Directions for this task:
Range to copy from the entries below: the line containing "Djibouti A Tiny" through the line containing "U.S. Marine Corps", inclusive. Retype only those lines, exactly, without any images.

───── Entries shown ─────

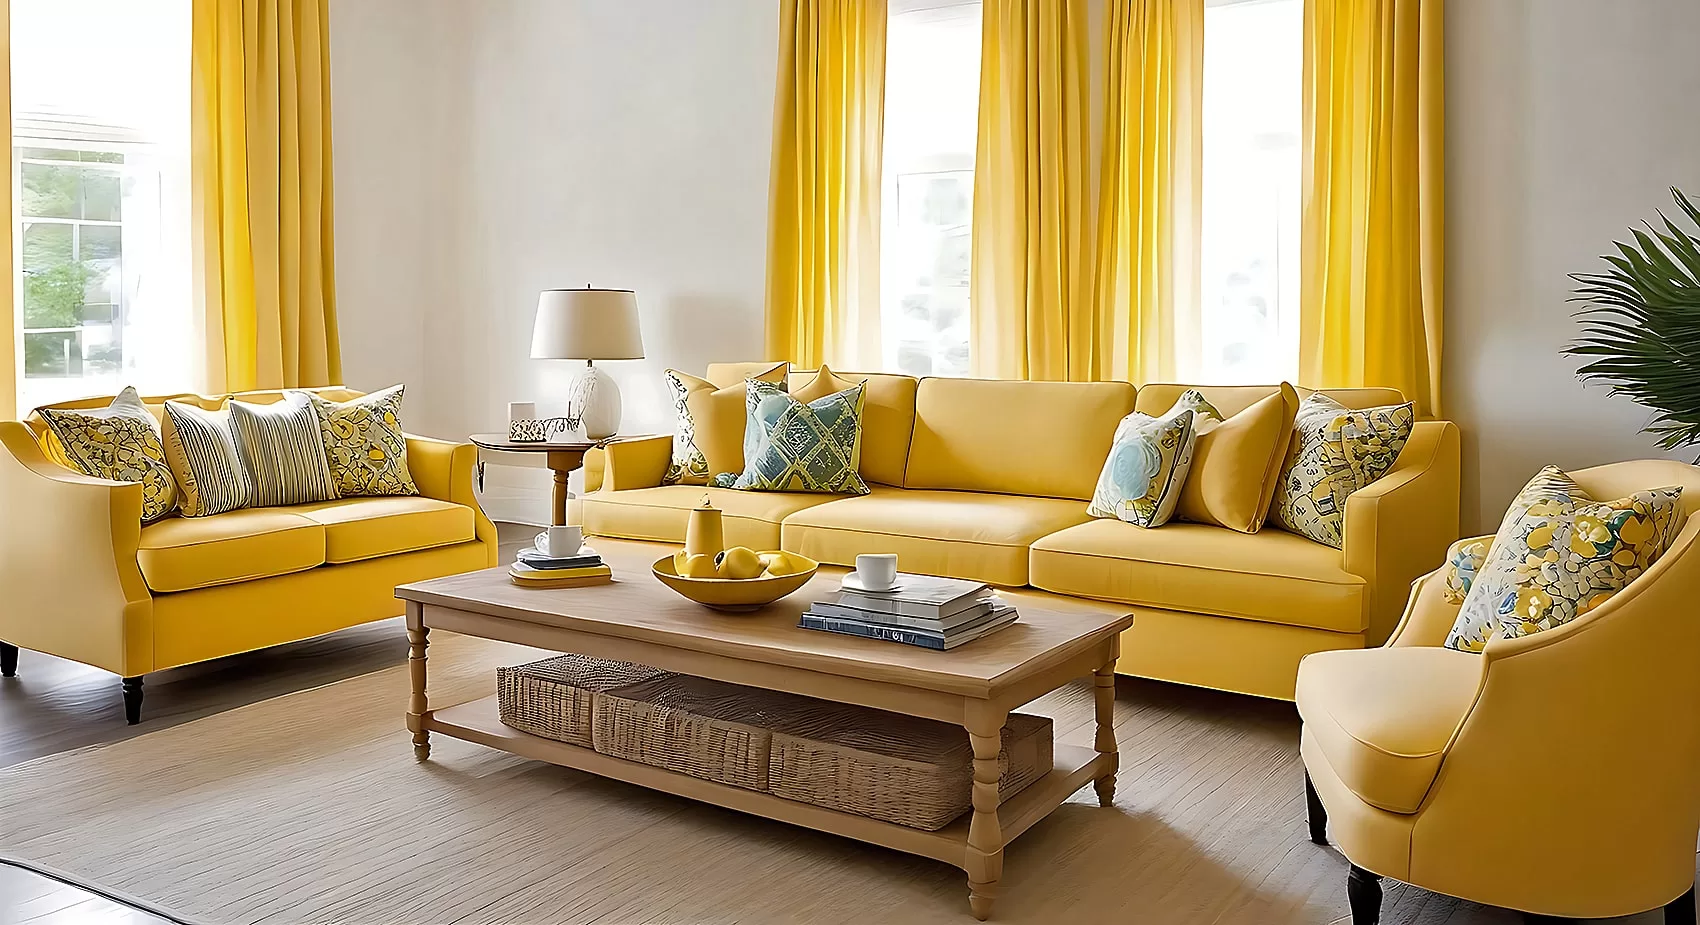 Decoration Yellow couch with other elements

─────
───── Entries shown ─────

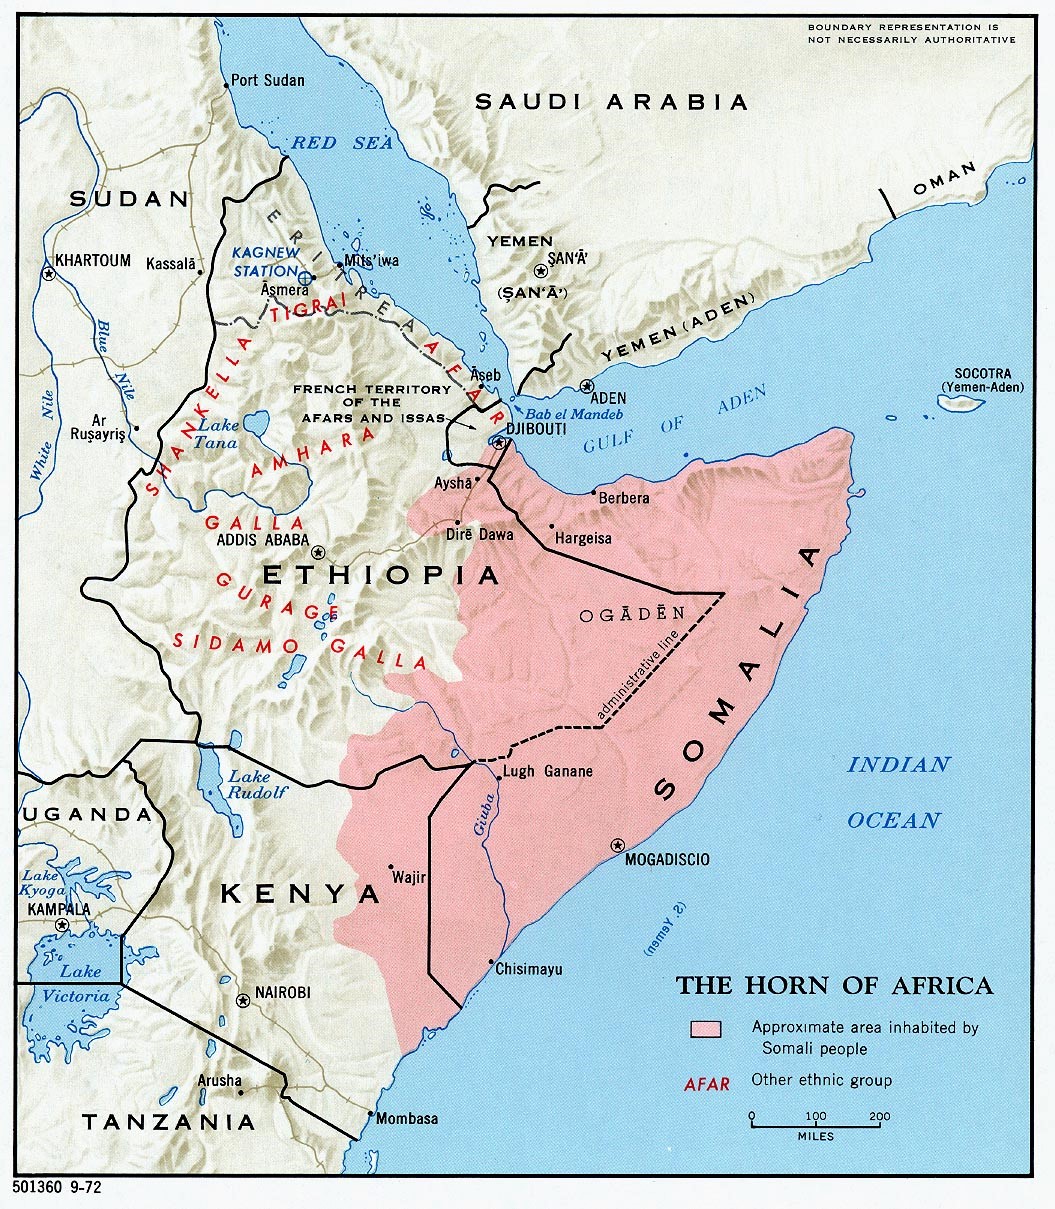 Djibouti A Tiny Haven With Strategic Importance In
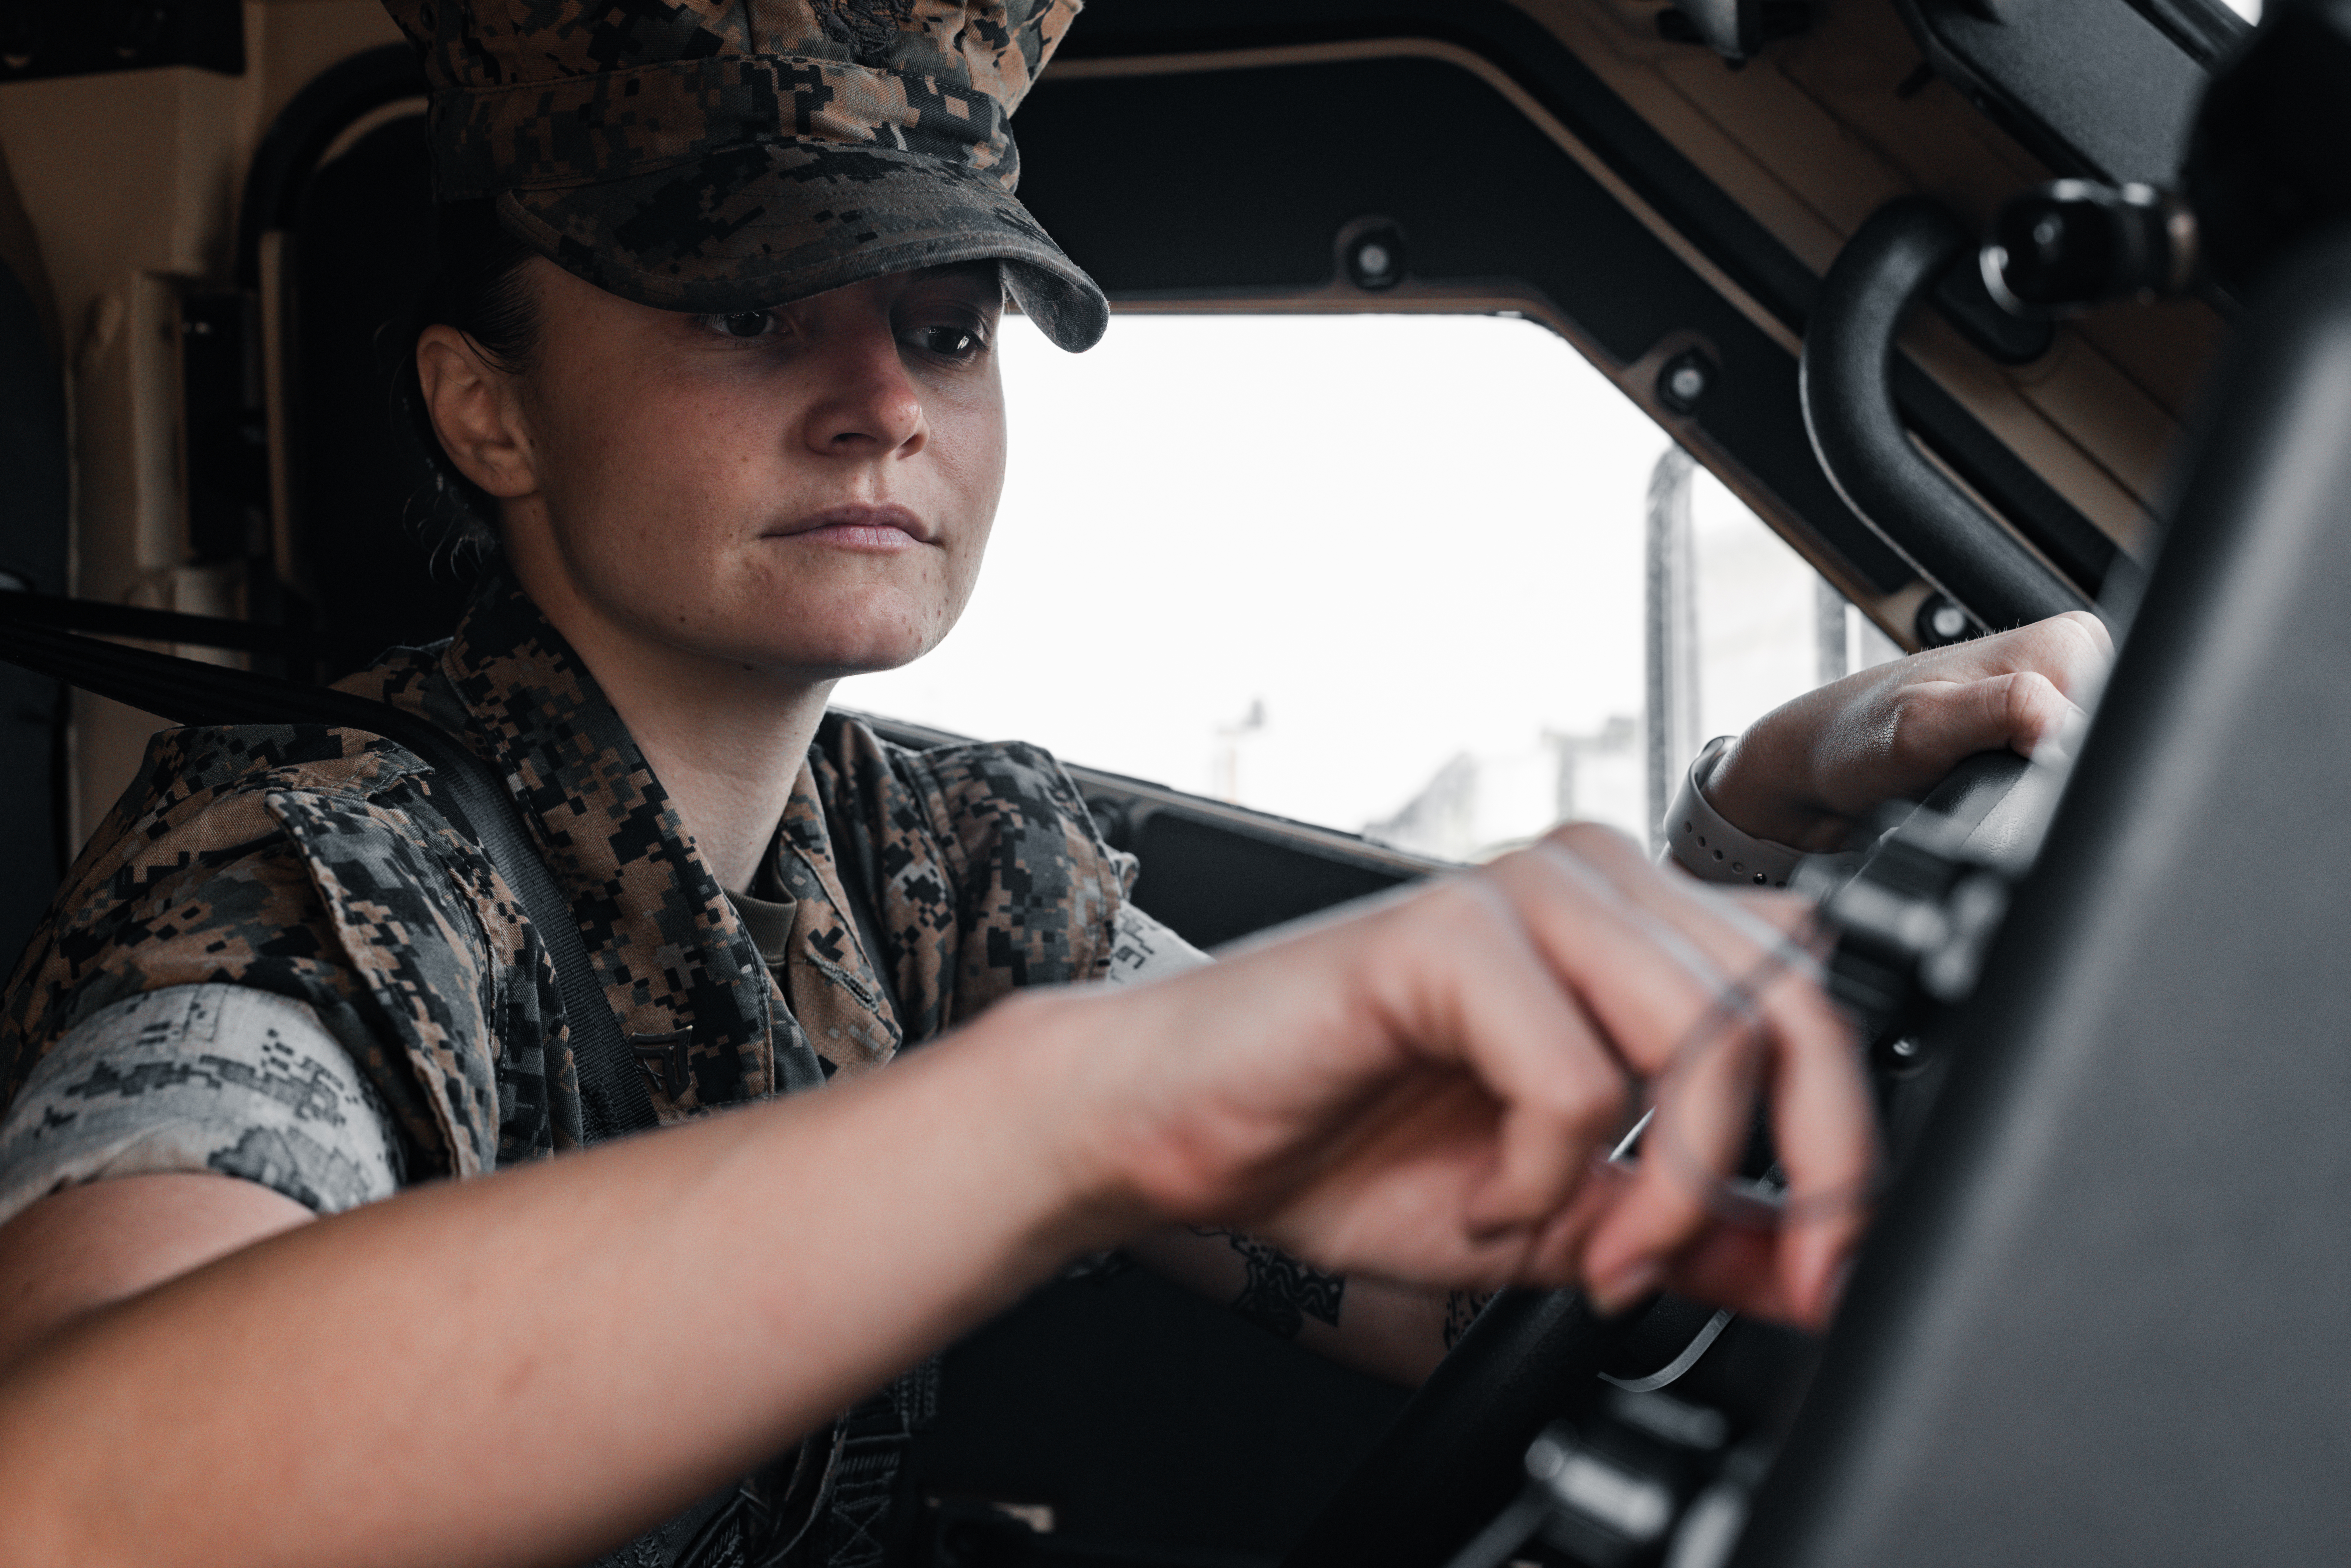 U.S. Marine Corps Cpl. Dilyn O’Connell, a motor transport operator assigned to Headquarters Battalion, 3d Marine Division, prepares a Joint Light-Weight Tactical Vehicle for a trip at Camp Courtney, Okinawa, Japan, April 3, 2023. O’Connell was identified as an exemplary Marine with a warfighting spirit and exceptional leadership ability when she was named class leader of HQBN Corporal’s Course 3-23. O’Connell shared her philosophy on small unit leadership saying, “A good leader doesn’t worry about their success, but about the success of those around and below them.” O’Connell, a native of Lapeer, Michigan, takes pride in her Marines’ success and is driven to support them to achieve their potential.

─────

Your response:
 Djibouti A Tiny Haven With Strategic Importance In
 U.S. Marine Corps Cpl. Dilyn O’Connell, a motor transport operator assigned to Headquarters Battalion, 3d Marine Division, prepares a Joint Light-Weight Tactical Vehicle for a trip at Camp Courtney, Okinawa, Japan, April 3, 2023. O’Connell was identified as an exemplary Marine with a warfighting spirit and exceptional leadership ability when she was named class leader of HQBN Corporal’s Course 3-23. O’Connell shared her philosophy on small unit leadership saying, “A good leader doesn’t worry about their success, but about the success of those around and below them.” O’Connell, a native of Lapeer, Michigan, takes pride in her Marines’ success and is driven to support them to achieve their potential.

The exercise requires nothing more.